REVIEW: Hair a joyful 1960s revival

Hair Mayfield Theatre GigCity EdmontonThe 1960s were the “dawning of the Age of Aquarius” – Aquarius being the sixth sign of the zodiac. Society was in ferment, hippies were in the streets, the sexual revolution was upon us, the Vietnam war was polarizing American society – and Hair was on Broadway.

Audiences both loved it (“…sloppy, vulgar and terrific”) and hated it (“… without beauty or artistry”). No glitzy Cole Porter-Irving Berlin musical with sequined show girls and manicured male leads, it was the real thing written by two shaggy counterculture dudes – James Rado and Gerome Ragni. They managed to attract Canadian musician Galt MacDermot and he took their chaotic material and gave it shape. Hair featured a liberal use of profanity, celebrated illegal use of drugs, denigrated the American flag and generally questioned the morality of the time.

The show redefined musical theatre and gave us the first “rock musical” in 1967. Audiences accepted it to their bosom and it ran for 1,750 performances on Broadway.

There was even (gasp!) a nude scene – absent in the Mayfield Dinner Theatre production that opened in Edmonton Friday night.

Hair Mayfield Theatre GigCity EdmontonHair now rises again from the turmoil of the times to be an entertainment for the genteel patrons of a dinner theatre. This is the second time around for this show at the Mayfield. The first was 21 years ago, and the original audiences managed to survive all those cuss words and unclothed bodies. There were no reports of diners losing their supper or bolting for the door.

And so how has an icon from the darkest ’60s aged? Very well actually. The subtitle for the show is The American Tribal Love-Rock Musical and director Ron Jenkins (Chicago, The Black Rider) takes those words seriously, turning his flower children into a writhing, rocking mass of thrashing humanity as if at the altar of an alien god. The evening begins with a soaring energy and goes up from there.

Hair has always been a valid expression of youthful exuberance (Let The Sunshine In) and the rejection of the repression of previous generations. The Vietnam War remains an ugly scar on the American psyche and the show’s celebration of spirituality, honesty, naturalness and just plain heart still reverberates. In our age, the Black Lives Matter and Idle No More movements continue to show the remarkable resiliency of the youth-driven passions that Hair celebrates.
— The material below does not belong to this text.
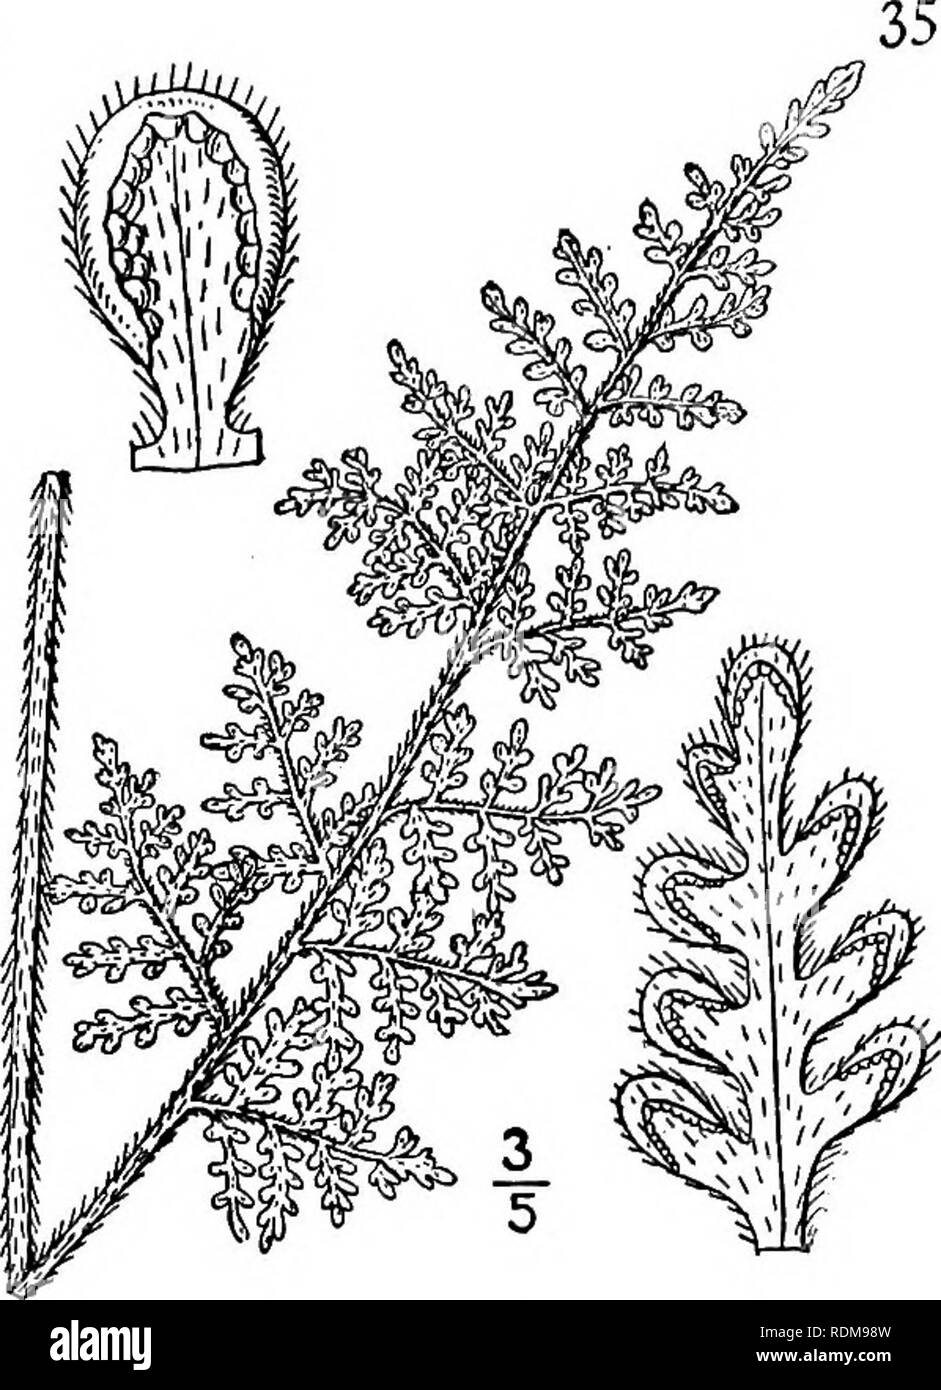 . An illustrated flora of the northern United States, Canada and the British possessions, from Newfoundland to the parallel of the southern boundary of Virginia, and from the Atlantic Ocean westward to the 102d meridian. Botany; Botany. Genus 18. FERN FAMILY.. 4. Cheilanthes tomentosa Link. Woolly Lip-fern. Fig. 81. Cheilanthes tomentosa Link, Hort. Berol. 2: 42. 1833. Rootstock stout, short, densely chaffy with rigid slender striped and concolorous bright brown scales. Stipes tufted, 4'-8' long, rather stout, densely brown- tomentose even when mature; blades oblong-lanceo- late, 3-pinnate, 6' Stock Photo

The plot has a colony of hippies living in poverty in New York. They protest conscription and the war. Claude (Michael Cox), his friend Berger (Andrew Cohen) and their roommate Sheila (Laura Olafson) struggle to find a balance in the chaotic world around them. Claude is drafted and is determined not to give in to his conservative parents (and by extension the conservative society that surrounds them) and abandon his pacifist principles.

There are 16 in the cast and each succeeding voice in the tribe seems better than the last.

The slim plot is mostly a platform from which to hang an unending series of foot-stompers, anthems and the occasional big power ballad. The music is infectious from beginning to end, despite composer Leonard Bernstein’s remark that the lyricists just opened their thesaurus of obscene words and strung them together. Pish, Mr Bernstein. These words project and illuminate the sincere inner feelings of the tribe and the moral attitudes of a generation. “Hell, no! I won’t go!”

Narda McCarroll’s set is a psychedelic fever dream and Leona Brausen’s costumes are a 60s riot of funk. Van Wilmott’s five piece band often sounds as big as a full pit orchestra.

This Mayfield production is forever young and contagiously joyful.

Hair plays in the Mayfield Dinner Theatre through June 12.